Герой Шульца мыслит как лавочник. Ничего не поделаешь… происхождение.
Или я ошибся? Оклеветал писателя. А что, если Иосиф говорит тут вовсе и не о фиктивном, литературном Санатории, не о душной дыре Дрогобыче, даже не о старой-престарой Европе с ее вечными закатами, нет…
Что, если для него это использованное, изношенное сотнями поколений время, время вытертое, дырявое, вытошненное – это время еврейского народа?
Время народа-мафусаила, народа-вечного-жида, разбросанного по всему свету. Тысячелетиями изолированного в гетто. Варящегося в самом себе и интересующегося только собой. Давным-давно исчерпавшего запас живой биологической энергии, даримой природой каждому новому племени…
Ветхого-ветхого меха, в который энтузиасты все льют и льют молодое вино, не замечая, что мех давно прохудился, превратился в сито.
Полагаю, многие евреи захотят забросать меня после этого предположения камнями. Но это будет означать, что они понимают, о чем я говорю. Ощущают эту трехтысячелетнюю усталость, генетическую изношенность своими костями.
Шульц вышел из еврейской общины Дрогобыча в 1936 году, надеясь на то, что это поможет ему заключить брак с католичкой Шелинской, родители которой были выкрестами. Не помогло. Однако, когда его помолвка, через год, окончательно расстроилась, обратно в общину не вошел. И не крестился, хотя его нежно уговаривали. Остался сам по себе.

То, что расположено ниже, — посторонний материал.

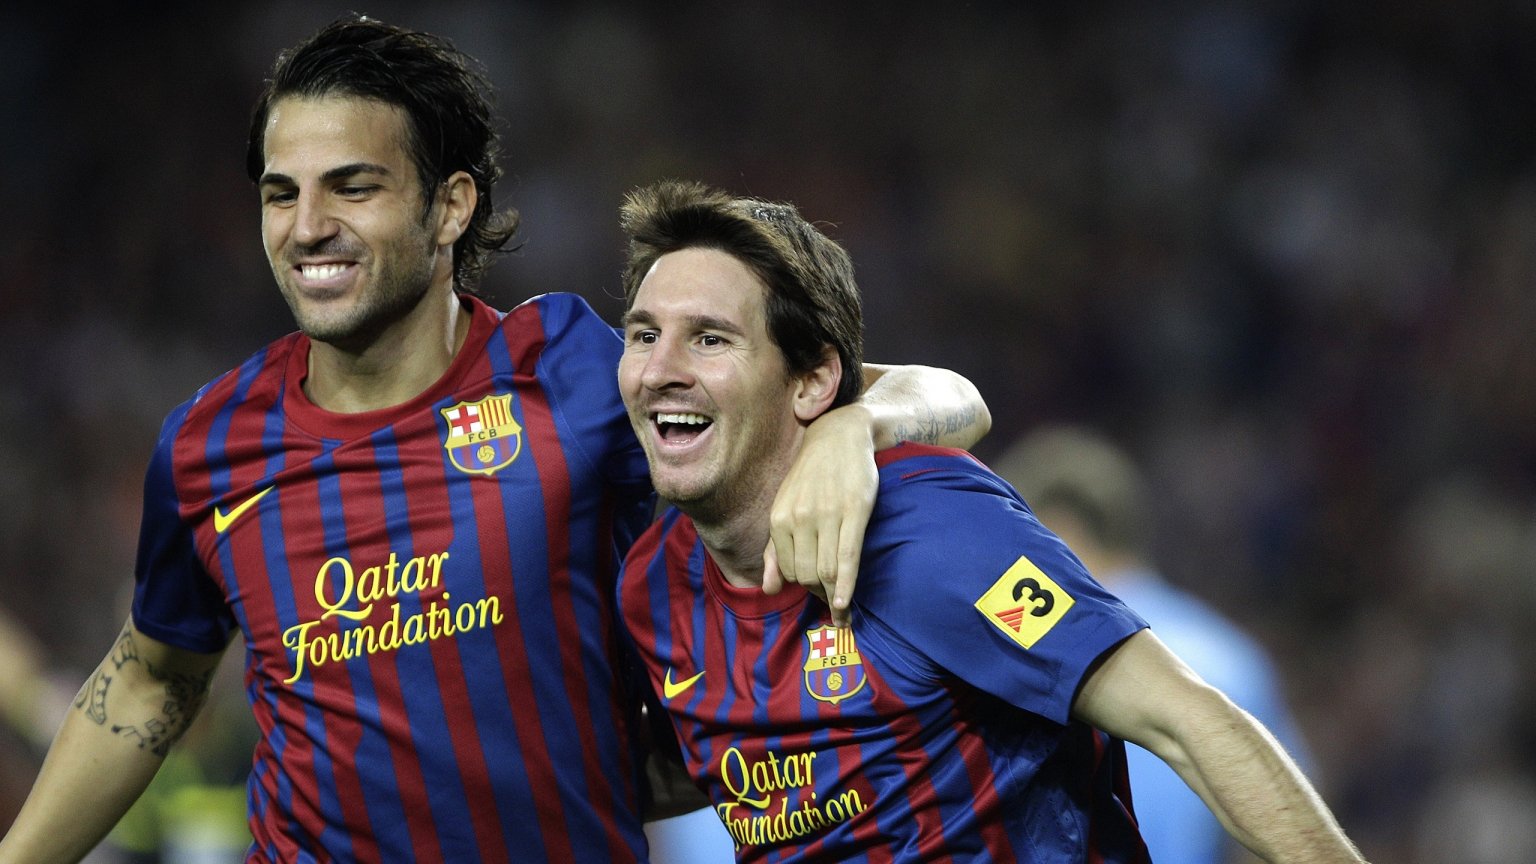 Cesc Fabregas and Lionel Messi for 1536 x 864 HDTV resolution
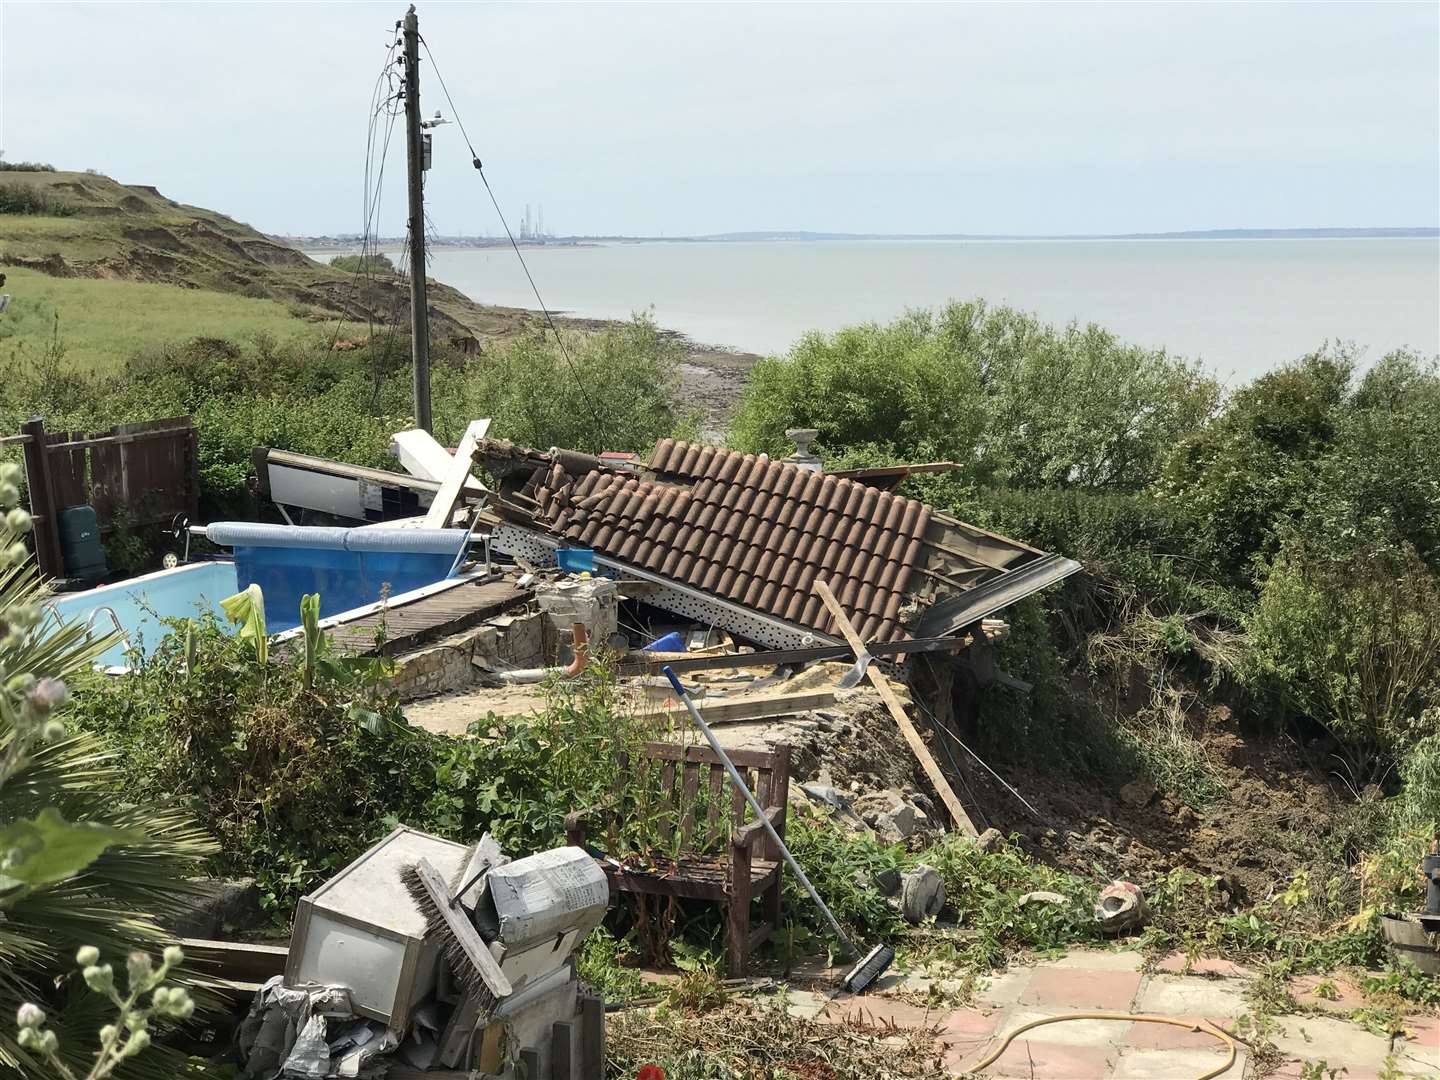 Emma Tullett's family home fell off the cliff at Eastchurch after a landslide left it teetering on the edge

Вне ветхой, дырявой как сито местечковой культуры. На обочине широкой дороги. Один на один с безжалостной судьбой.
…
И все-таки, как ВРЕМЯ может быть «вытошненным»? Все остальные метафоры – отмотанное от рулона, изношенное, дырявое, прозрачное как сито, вытертое – это от тканей… понятно, хоть и с натяжкой, но можно и ко времени применить, но вытошненное…
Объяснение к этой неприятно пахнущей метафоре находим – в уже цитированном мной письме Шульца Тадеушу Брезе.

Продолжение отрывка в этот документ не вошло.